The Niehaus Center for Globalization and Governance (NCGG), directed by Helen V. Milner, is pleased to announce the selection of its 2014-2015 fellows for the Center's three fellowship programs: Globalization and Governance Fellowship Program, Postdoctoral Fellowship Program in Regional Political Economy, and the Oxford-Princeton Global Leaders Program.
The 10th cohort of NCGG fellows chosen from a large pool of applicants from all over the globe will be in residence pursing their own research projects and contributing to the intellectual life of the Center and the School of Public and International Affairs.

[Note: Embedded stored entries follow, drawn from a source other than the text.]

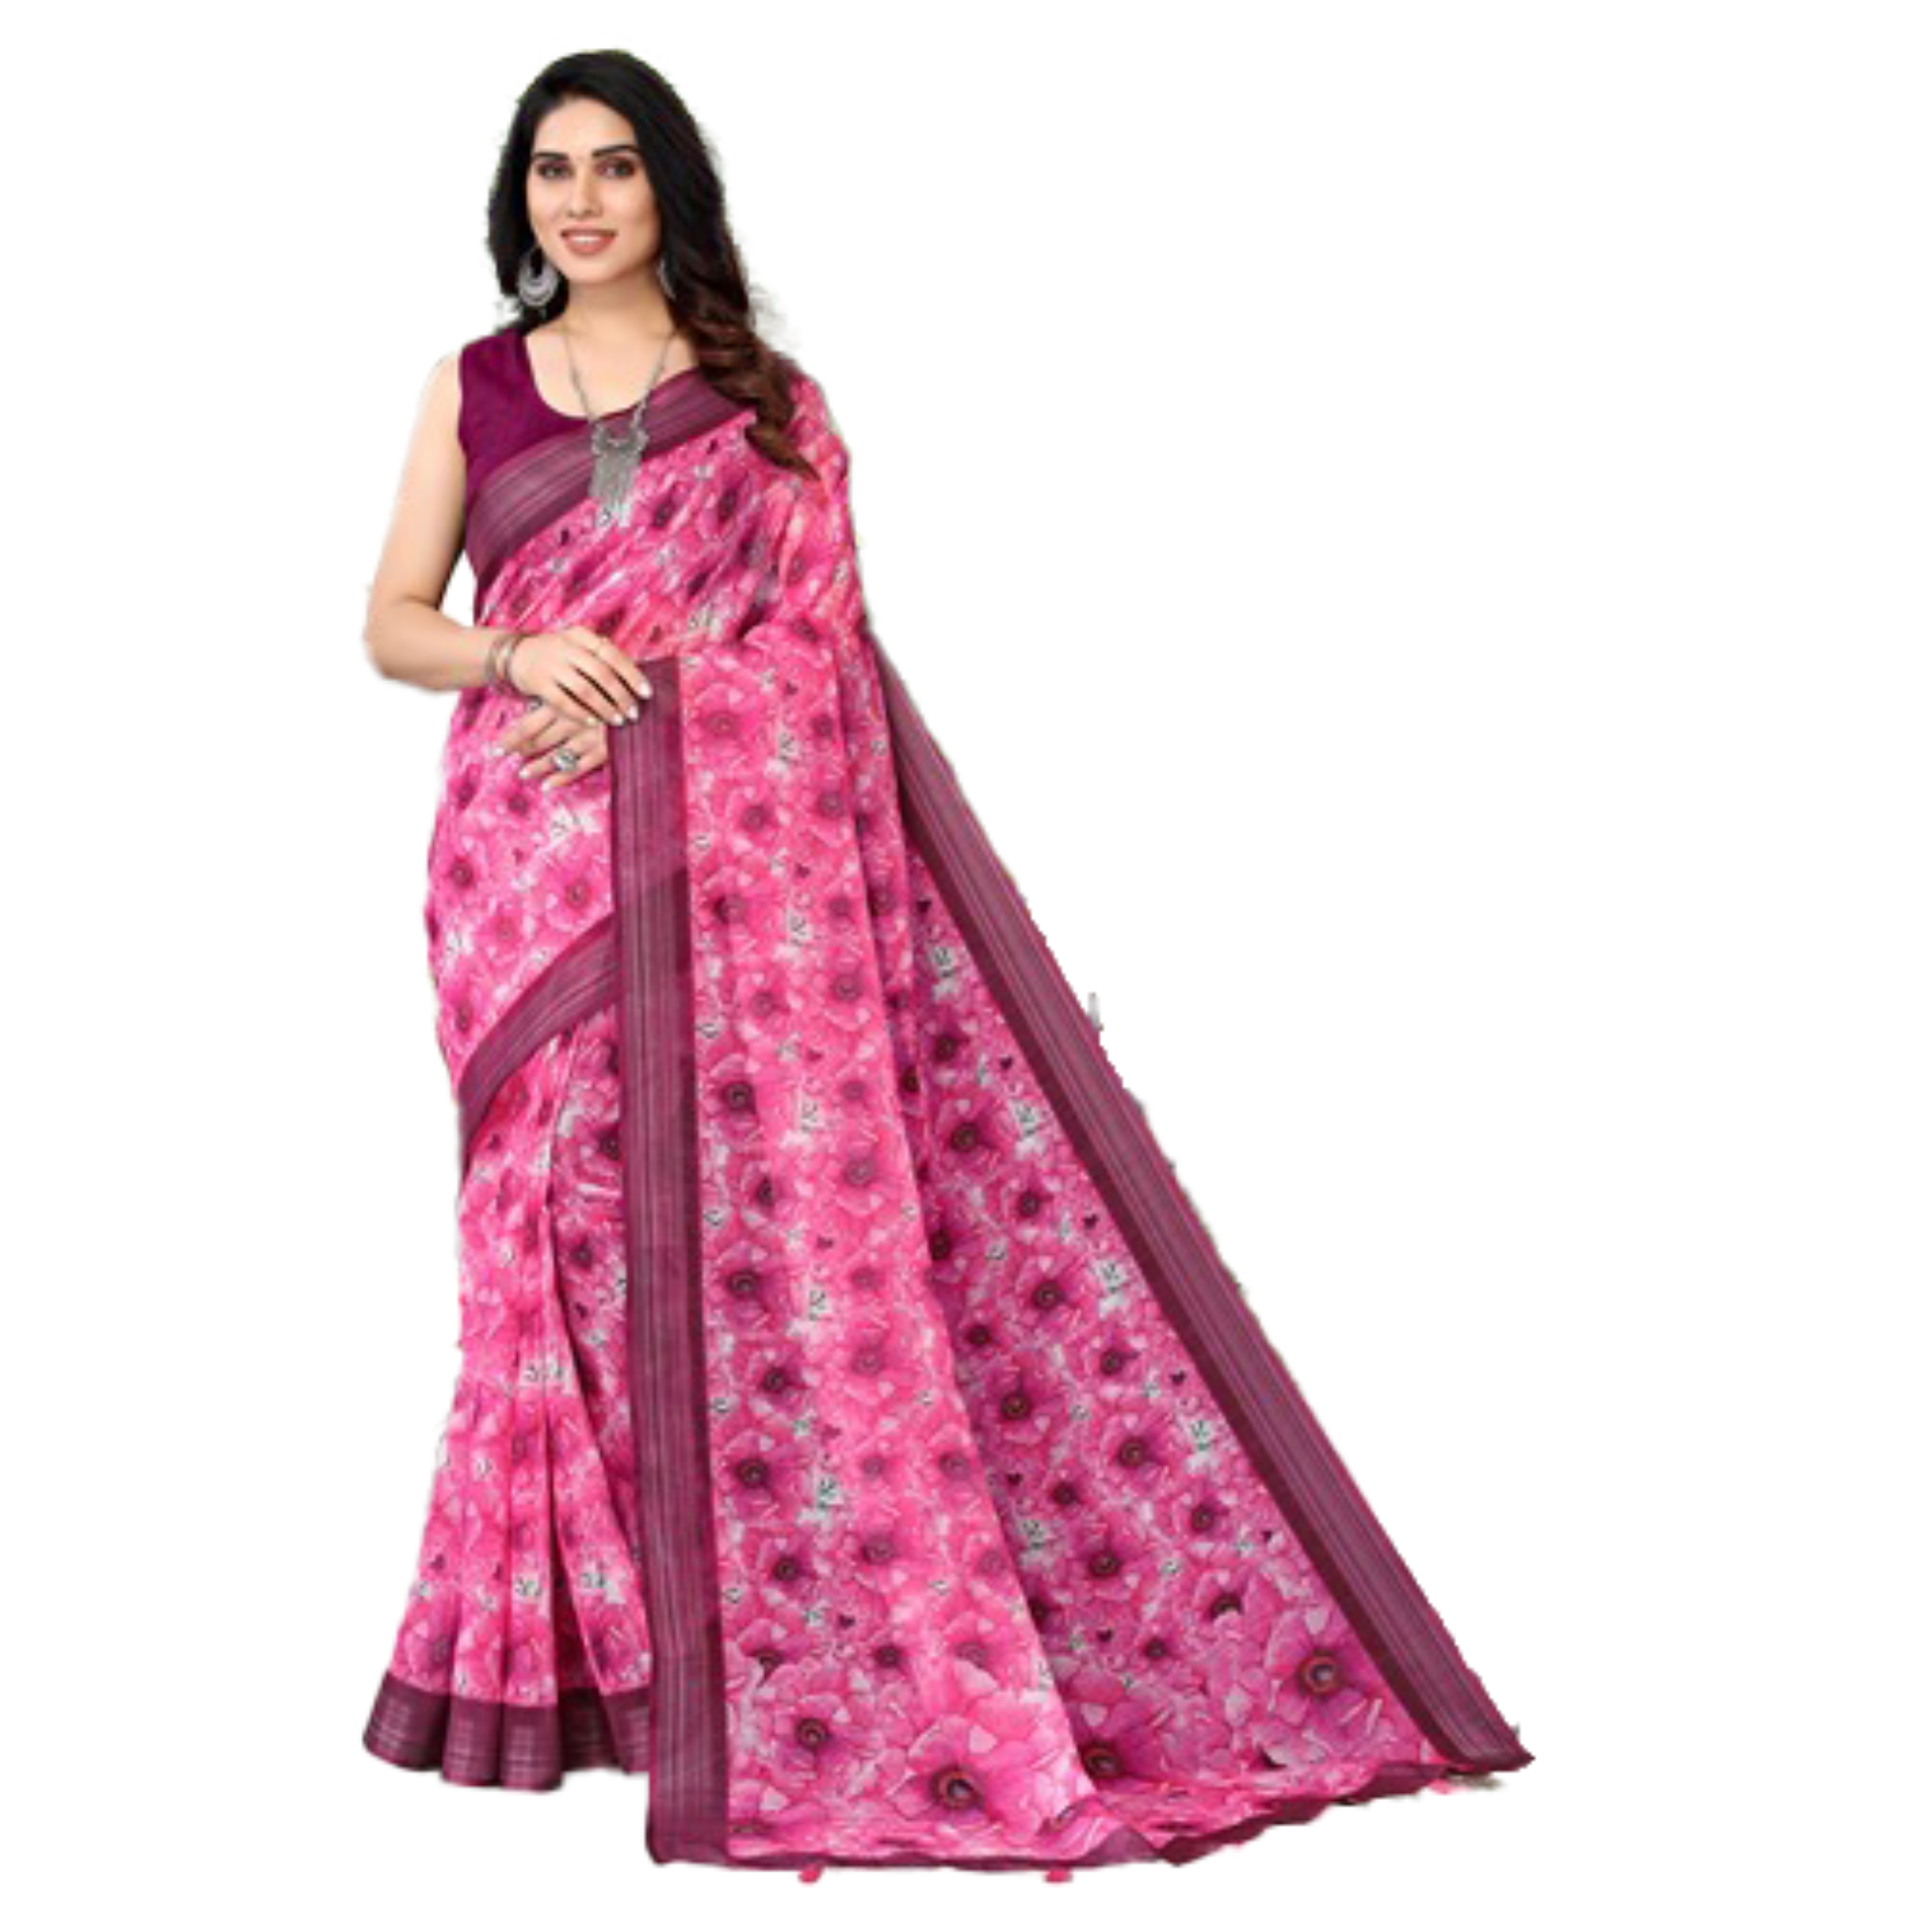 Women's Pink printed Saree with brown border and running Pallu. - TheHangr
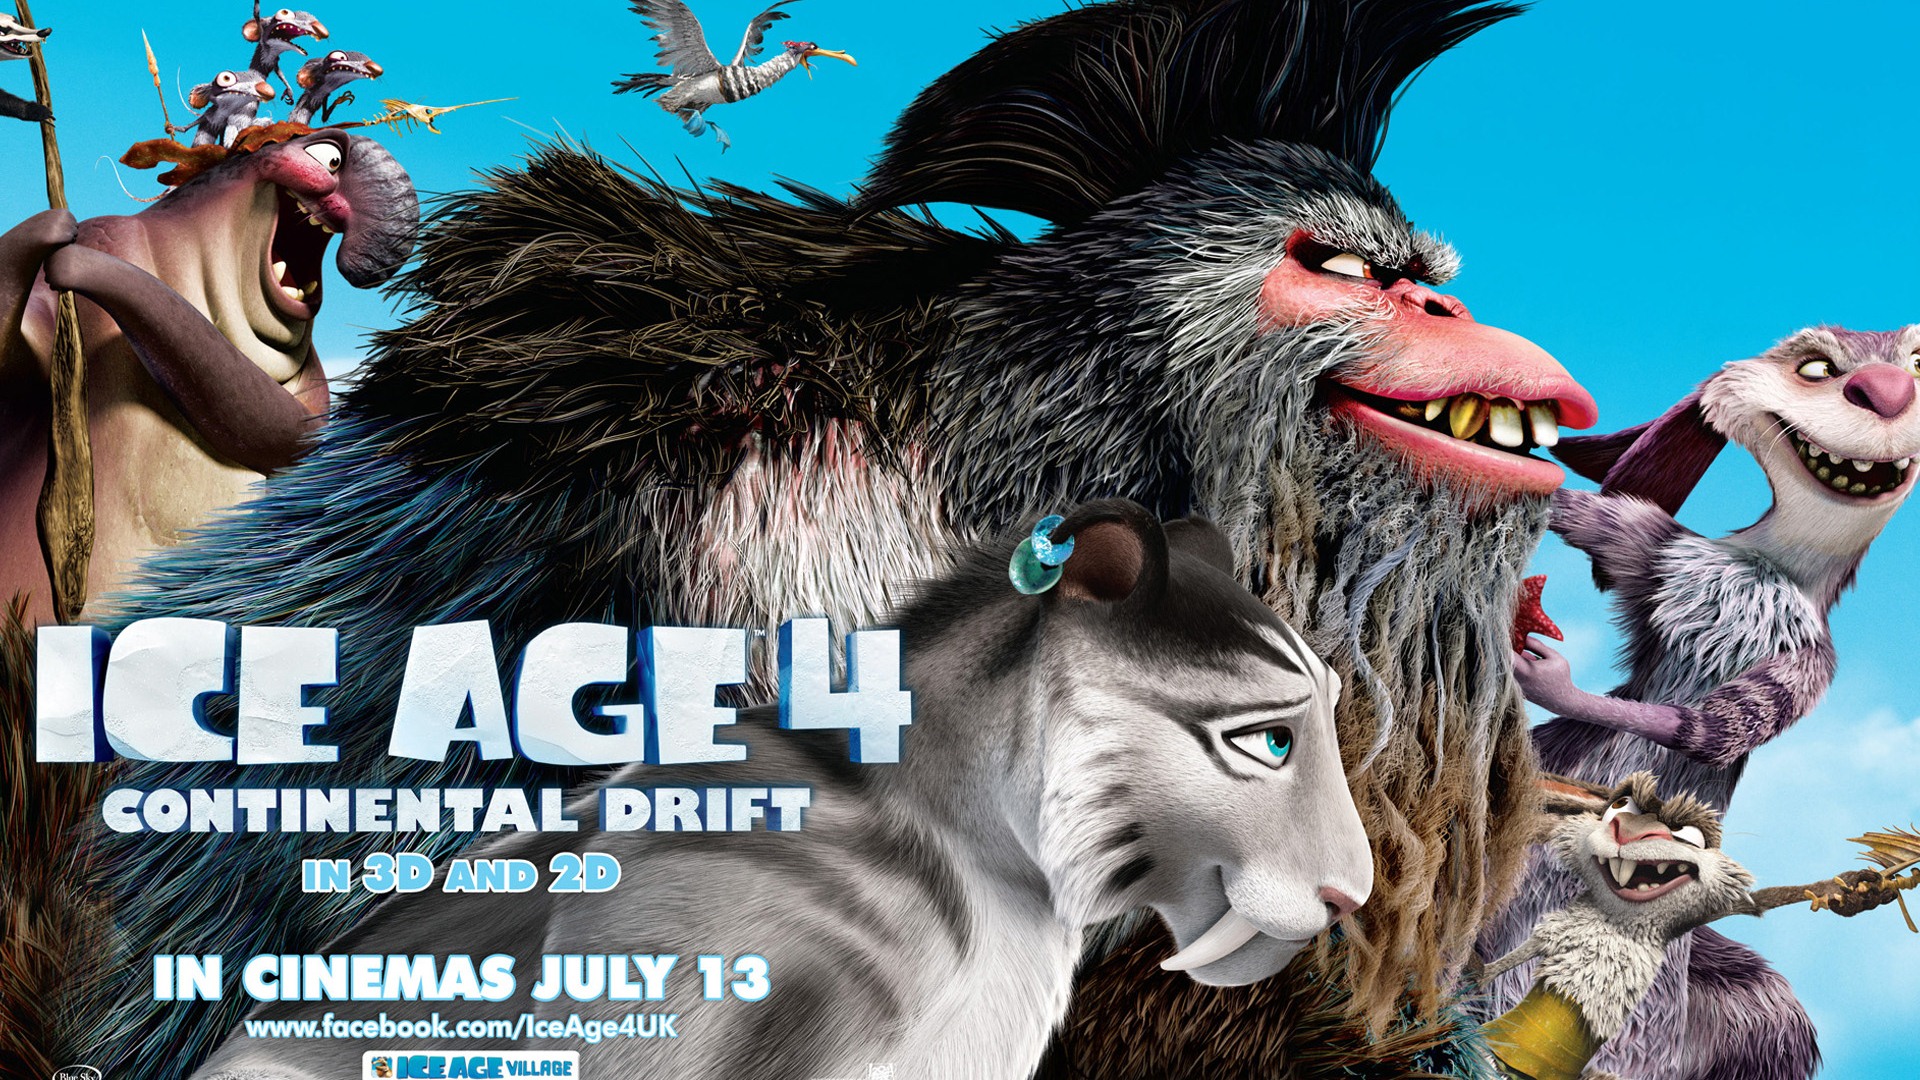 Ice Age 4: Continental Drift HD wallpapers #7 - 1920x1080
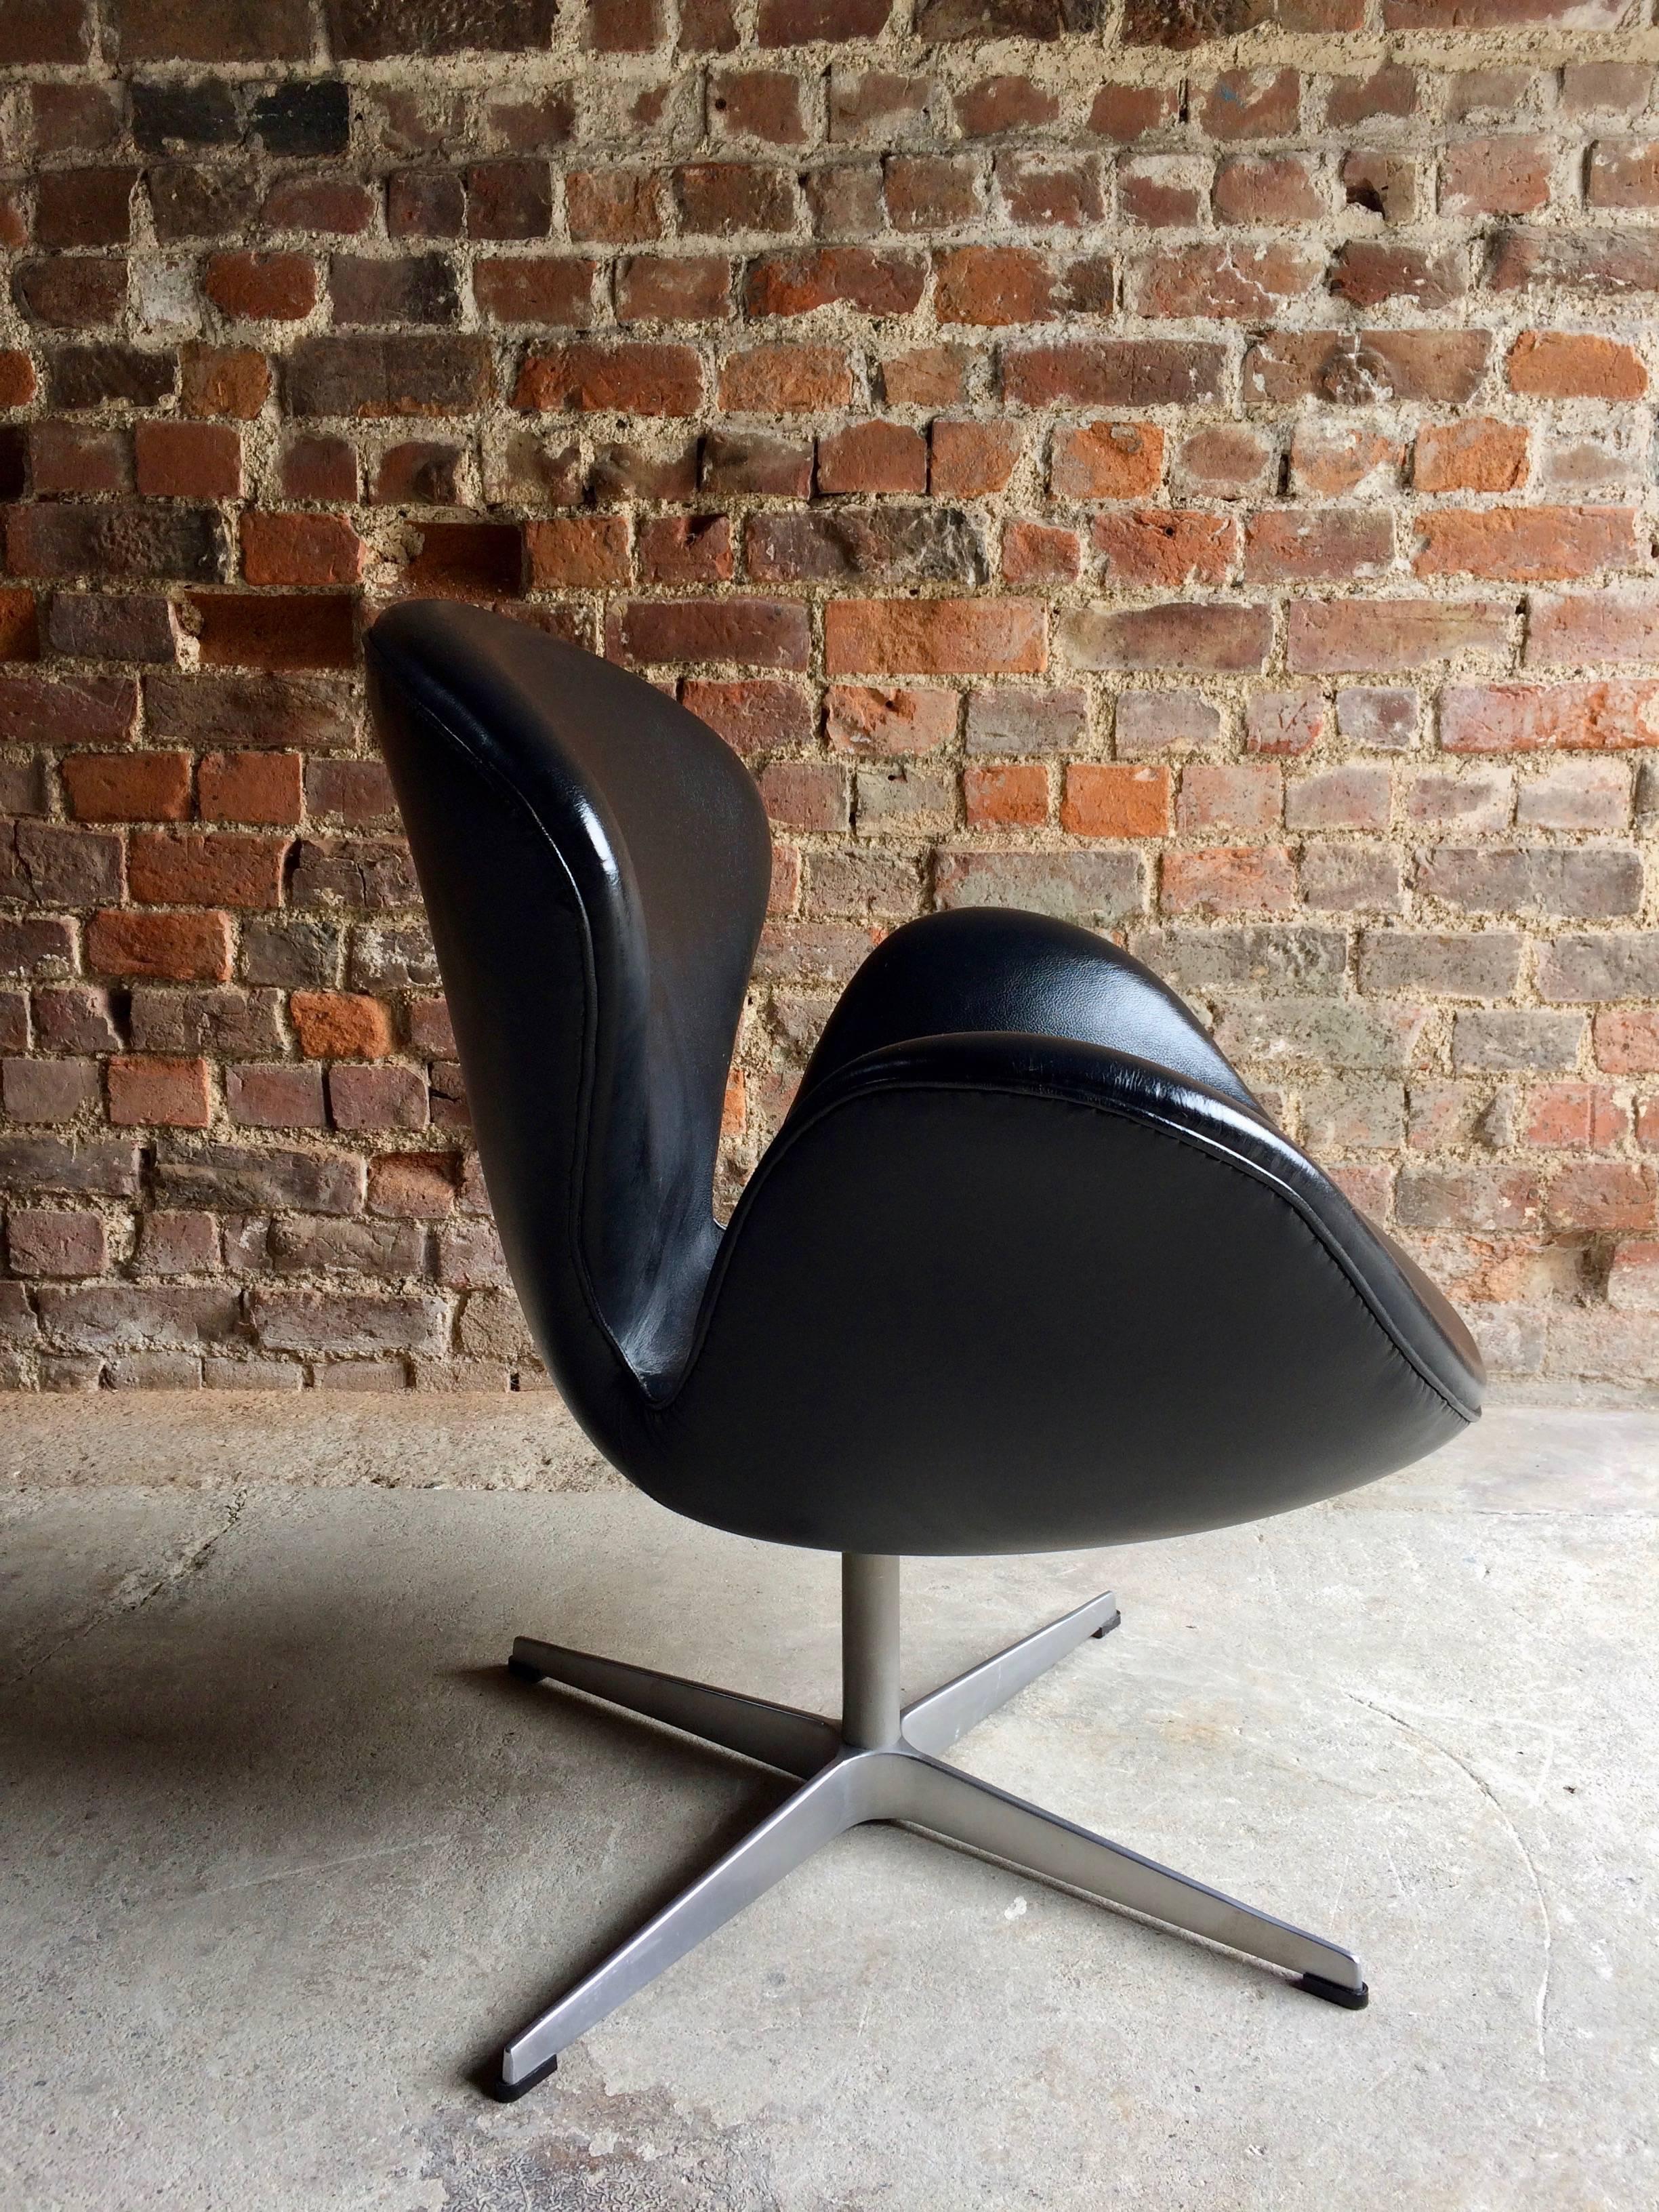 A Swan chair designed by Arne Jacobsen and manufactured by Fritz Hansen circa 2002, soft black leather hide with steel swivel base, makers label under seat, stamped under base.

Arne Jacobsen designed the Swan™ as well as the Egg™ for the lobby

Globalization and Governance Fellowship Program
Through the Globalization and Governance Fellowship Program, NCGG awarded six one-year research positions to a group of very talented scholars chosen from a large pool of applicants. These awards are designed to promote basic research in the areas of international and comparative political economy, international organization, global governance, and globalization. Our scholars for the 2014-2015 academic year will be:
- Sarah Bauerle Danzman received her Ph.D. in Political Science at the University of North Carolina at Chapel Hill. She will join the faculty at Elon University as an assistant professor of political science and policy studies in August 2015. Her primary field of study is International Relations, with a focus in International Political Economy. She is most interested in issues related to the interaction of multinational firms, domestic societal groups, and host governments in an increasingly global supply chain network. Her dissertation considers the conditions under which governments will pursue policies of openness toward foreign direct investment. She argues FDI reforms are best understood within a broader context of economic reforms that change the preferences of domestic coalitions over FDI while also generating cross-coalitions that benefit from openness to FDI.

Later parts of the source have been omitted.